Exercise aim:
Every record must be restated exactly as written.

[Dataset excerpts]
────────────────
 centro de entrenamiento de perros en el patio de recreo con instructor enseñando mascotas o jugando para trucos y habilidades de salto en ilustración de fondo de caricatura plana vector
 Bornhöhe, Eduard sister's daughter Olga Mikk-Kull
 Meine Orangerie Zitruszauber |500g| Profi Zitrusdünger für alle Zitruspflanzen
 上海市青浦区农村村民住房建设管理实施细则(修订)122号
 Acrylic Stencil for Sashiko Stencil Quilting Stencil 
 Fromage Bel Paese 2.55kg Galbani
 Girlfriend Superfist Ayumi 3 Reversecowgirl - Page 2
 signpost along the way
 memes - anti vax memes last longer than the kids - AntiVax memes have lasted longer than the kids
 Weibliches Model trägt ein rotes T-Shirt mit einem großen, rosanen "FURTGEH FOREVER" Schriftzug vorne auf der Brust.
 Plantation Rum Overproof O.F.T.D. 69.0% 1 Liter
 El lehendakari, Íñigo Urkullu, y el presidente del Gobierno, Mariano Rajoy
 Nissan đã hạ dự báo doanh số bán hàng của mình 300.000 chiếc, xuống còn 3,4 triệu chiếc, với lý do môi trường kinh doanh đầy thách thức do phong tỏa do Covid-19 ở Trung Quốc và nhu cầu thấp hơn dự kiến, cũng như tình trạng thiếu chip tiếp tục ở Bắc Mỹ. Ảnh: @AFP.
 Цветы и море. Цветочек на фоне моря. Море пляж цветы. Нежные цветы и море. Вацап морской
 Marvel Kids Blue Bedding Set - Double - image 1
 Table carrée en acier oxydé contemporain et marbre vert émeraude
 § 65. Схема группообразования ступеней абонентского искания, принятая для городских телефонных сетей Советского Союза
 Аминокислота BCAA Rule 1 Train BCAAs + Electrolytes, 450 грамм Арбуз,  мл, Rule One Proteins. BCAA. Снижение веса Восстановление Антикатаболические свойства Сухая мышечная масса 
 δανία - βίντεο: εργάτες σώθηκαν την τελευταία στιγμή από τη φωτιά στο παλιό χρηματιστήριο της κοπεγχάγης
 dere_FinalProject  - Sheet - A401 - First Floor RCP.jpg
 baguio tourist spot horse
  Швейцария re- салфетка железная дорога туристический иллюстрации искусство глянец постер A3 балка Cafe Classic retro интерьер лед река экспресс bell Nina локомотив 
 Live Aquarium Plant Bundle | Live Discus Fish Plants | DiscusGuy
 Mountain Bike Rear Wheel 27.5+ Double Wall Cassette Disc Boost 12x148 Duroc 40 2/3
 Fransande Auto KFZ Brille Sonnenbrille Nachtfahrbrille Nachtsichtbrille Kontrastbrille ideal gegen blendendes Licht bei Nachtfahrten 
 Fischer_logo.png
────────────────
Response:
 centro de entrenamiento de perros en el patio de recreo con instructor enseñando mascotas o jugando para trucos y habilidades de salto en ilustración de fondo de caricatura plana vector
 Bornhöhe, Eduard sister's daughter Olga Mikk-Kull
 Meine Orangerie Zitruszauber |500g| Profi Zitrusdünger für alle Zitruspflanzen
 上海市青浦区农村村民住房建设管理实施细则(修订)122号
 Acrylic Stencil for Sashiko Stencil Quilting Stencil 
 Fromage Bel Paese 2.55kg Galbani
 Girlfriend Superfist Ayumi 3 Reversecowgirl - Page 2
 signpost along the way
 memes - anti vax memes last longer than the kids - AntiVax memes have lasted longer than the kids
 Weibliches Model trägt ein rotes T-Shirt mit einem großen, rosanen "FURTGEH FOREVER" Schriftzug vorne auf der Brust.
 Plantation Rum Overproof O.F.T.D. 69.0% 1 Liter
 El lehendakari, Íñigo Urkullu, y el presidente del Gobierno, Mariano Rajoy
 Nissan đã hạ dự báo doanh số bán hàng của mình 300.000 chiếc, xuống còn 3,4 triệu chiếc, với lý do môi trường kinh doanh đầy thách thức do phong tỏa do Covid-19 ở Trung Quốc và nhu cầu thấp hơn dự kiến, cũng như tình trạng thiếu chip tiếp tục ở Bắc Mỹ. Ảnh: @AFP.
 Цветы и море. Цветочек на фоне моря. Море пляж цветы. Нежные цветы и море. Вацап морской
 Marvel Kids Blue Bedding Set - Double - image 1
 Table carrée en acier oxydé contemporain et marbre vert émeraude
 § 65. Схема группообразования ступеней абонентского искания, принятая для городских телефонных сетей Советского Союза
 Аминокислота BCAA Rule 1 Train BCAAs + Electrolytes, 450 грамм Арбуз,  мл, Rule One Proteins. BCAA. Снижение веса Восстановление Антикатаболические свойства Сухая мышечная масса 
 δανία - βίντεο: εργάτες σώθηκαν την τελευταία στιγμή από τη φωτιά στο παλιό χρηματιστήριο της κοπεγχάγης
 dere_FinalProject  - Sheet - A401 - First Floor RCP.jpg
 baguio tourist spot horse
  Швейцария re- салфетка железная дорога туристический иллюстрации искусство глянец постер A3 балка Cafe Classic retro интерьер лед река экспресс bell Nina локомотив 
 Live Aquarium Plant Bundle | Live Discus Fish Plants | DiscusGuy
 Mountain Bike Rear Wheel 27.5+ Double Wall Cassette Disc Boost 12x148 Duroc 40 2/3
 Fransande Auto KFZ Brille Sonnenbrille Nachtfahrbrille Nachtsichtbrille Kontrastbrille ideal gegen blendendes Licht bei Nachtfahrten 
 Fischer_logo.png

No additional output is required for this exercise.